Поколебавшись несколько дней, я все-таки велел снести два длинных сарая с крышами из серого толя, стоявших в дальнем конце сада; в них мои сестры распаляли своих юных возлюбленных, распалялись сами и занимались любовью. Это были ветхие сооружения, приткнувшиеся к стене парка и лишенные стен. Толь давно проржавел насквозь. Старый ковер, который вешали между двумя балками, скрывал от взглядов то, что происходило внутри. Проем, зиявший с другой стороны, когда-то заслоняли два зеленых щита – скорее всего, бывшие столы для пинг-понга, поставленные вертикально. Я терпеть не мог это место – не только из-за страха, что мои старшие сестры, которые регулярно наведывались сюда ради своих любовных утех, поймают меня на соглядатайстве, но еще из-за той растерянности и стыда, которые я ощутил, поняв, что они грешат теми же любострастными желаниями, что и я сам. И наконец, это место было мне ненавистно оттого, что здесь, впервые в жизни, я стоял со спущенными штанишками, прижатый спиной к столу для пинг-понга, а Эберхард, сын соседа-жестянщика, сосал меня, и больше всего на свете я боялся, что меня застукают в такой позиции и прервут это острое, ни с чем не сравнимое наслаждение.

Нам случается иногда сожалеть о том, что Бог не дал нам твердой оболочки, подобной крабьему панцирю. А еще чаще мы сетуем на то, что Он не дал нам и их вкуса. В конце апреля я вернулся в Париж разбитый усталостью, счастливый оттого, что безраздельно владею Бергхеймом, и подавленный необходимостью вернуться в крохотную магдаленскую пещеру,[109] иными словами, в студию на улице Варенн. Но главным было все-таки ликующее сознание, что я не предал своего детства, не продал то, что когда-то ненавидел. Мало-помалу я свыкался с мыслью, что буду, хоть и коряво, изъясняться по-немецки, мечтать по-немецки.

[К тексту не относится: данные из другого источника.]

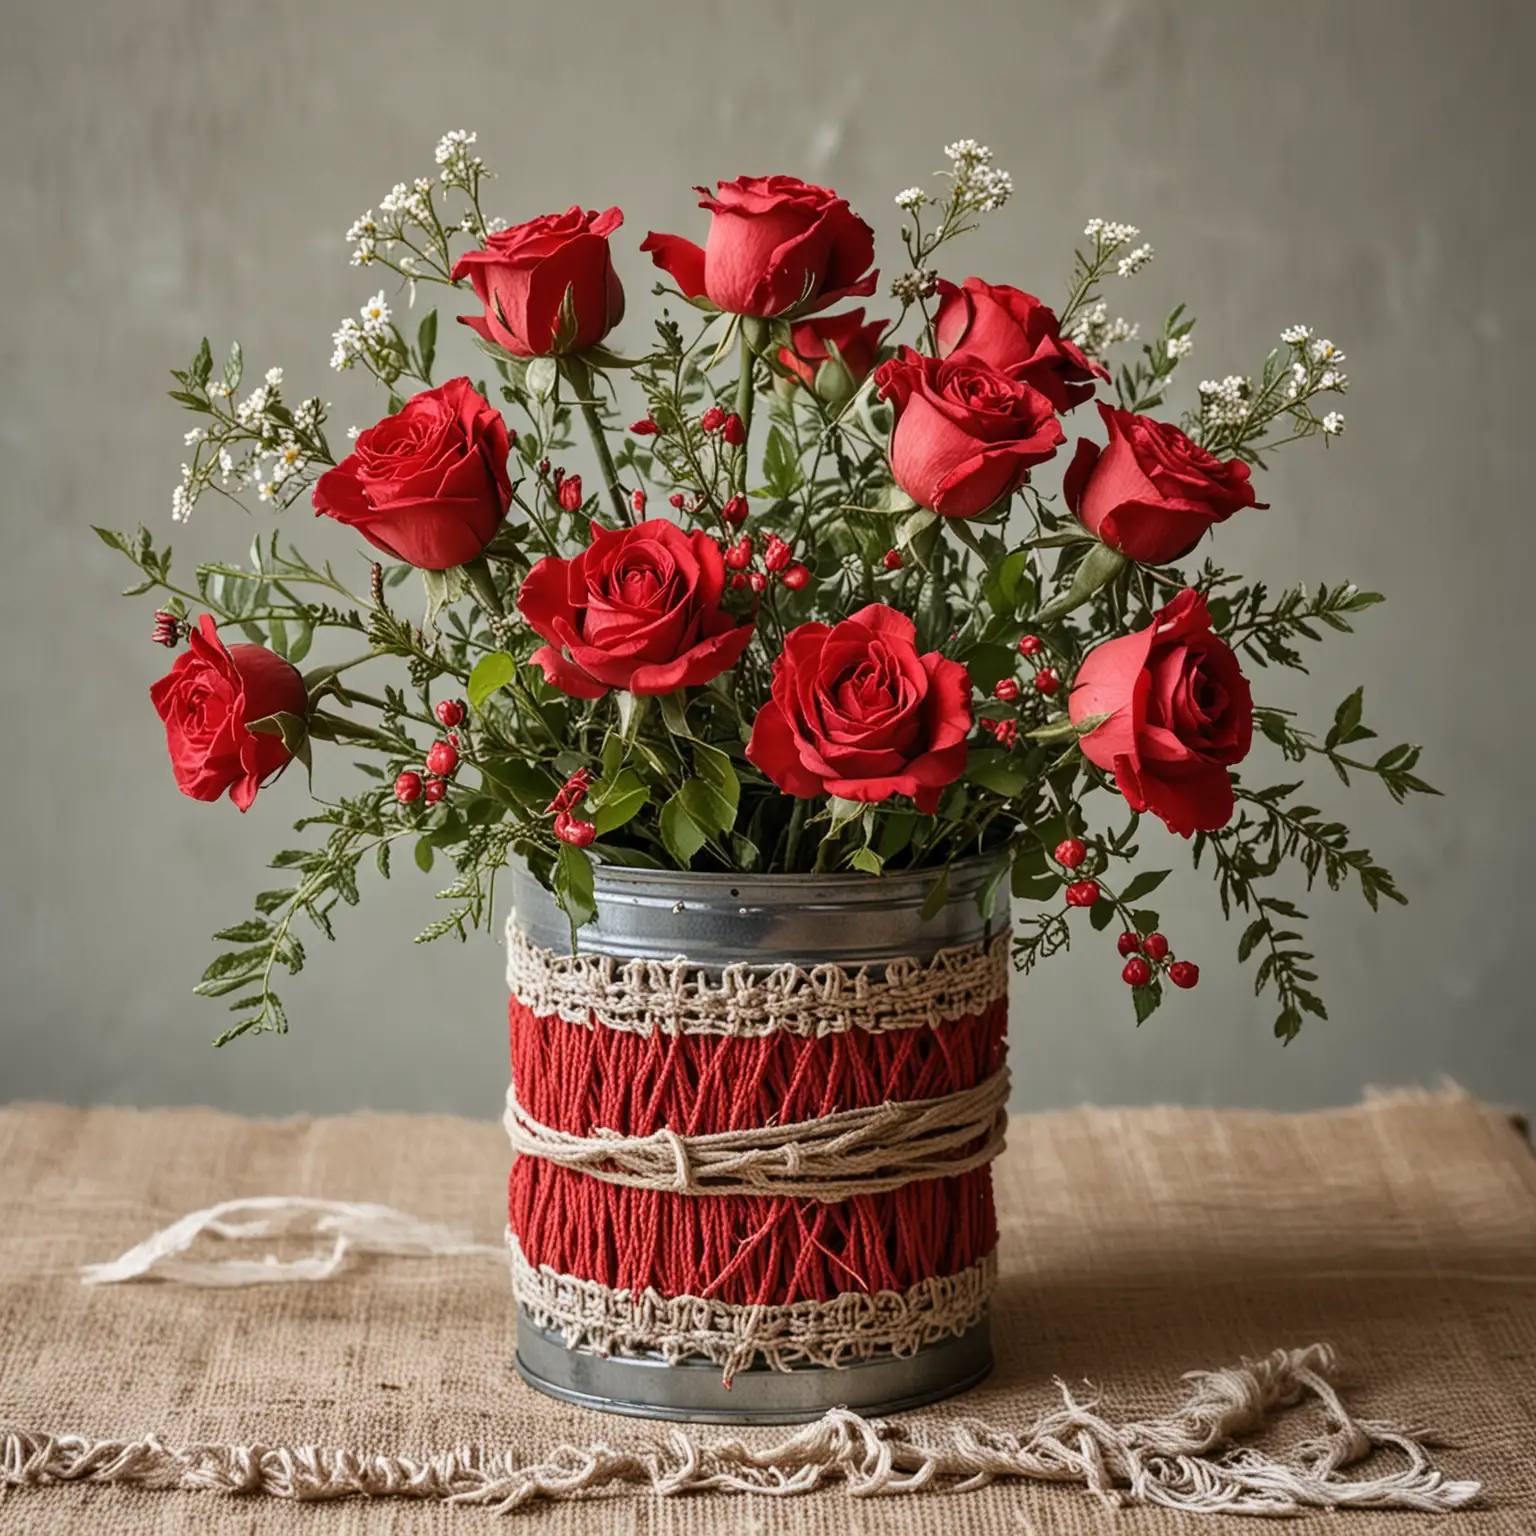 Boho-Red-Rose-Centerpiece-HandPainted-Tin-Can-Vase-with-Macrame-and-Wild-Flowers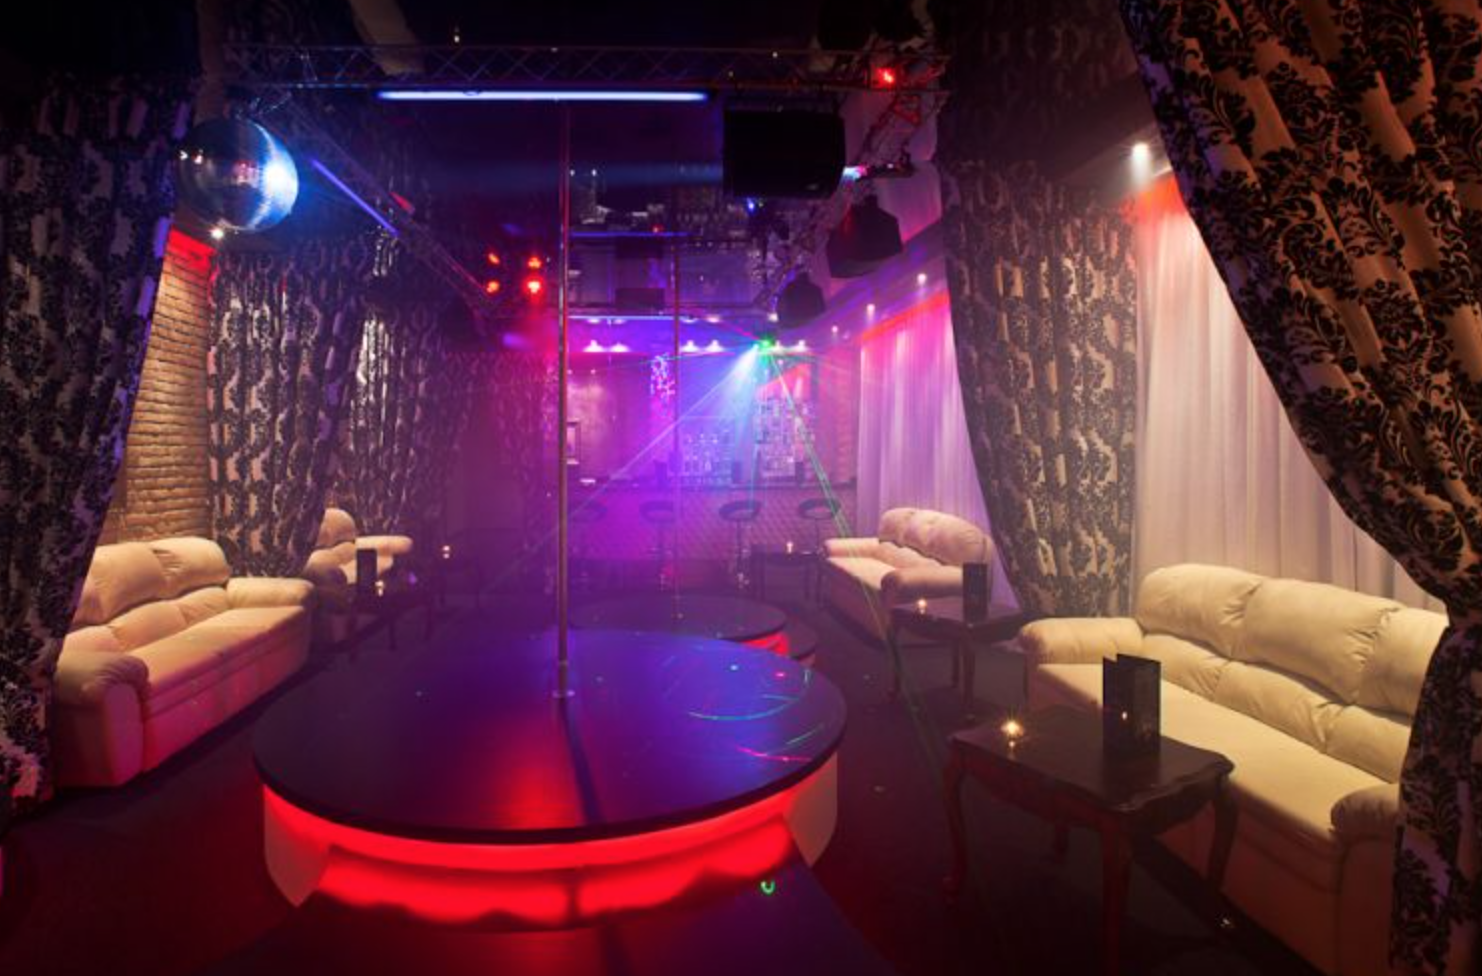 Vilnius striptease clubs, erotic night clubs and erotic city guide

Увы, этот покой оказался непродолжительным.

Одним майским утром мое сердце снова растревожилось. Было около шести утра, я шагал по парижским улицам. Потом сел в поезд метpo, который шел вдоль Сены. Пройдя по Бургундской улице, я купил хлеба, достал из ящика почту. Среди писем было одно надписанное голубыми чернилами, – почерк взволновал меня, миг спустя я узнал руку Сенесе. Сердце мое бешено забилось. Я стоял, вертя письмо в пальцах и ощущая тяжкую усталость. Мне не хотелось его вскрывать. Я чувствовал себя грязным. Один его вид стал для меня потрясением. Этот белый теплый конвертик жег мне руку, пригибал ее к земле, как свинцовый груз. Сначала нужно было успокоить сердце. О чем он мог писать мне? В голове у меня теснились, сменяя одна другую, какие-то сумасшедшие догадки. Я разделся и принял душ. Наверное, он назначал мне встречу в Генштабе. Или приказывал очистить территорию. Старики гренадеры окружали меня, я отдавал им честь, я навсегда прощался с Фонтенбло…[110]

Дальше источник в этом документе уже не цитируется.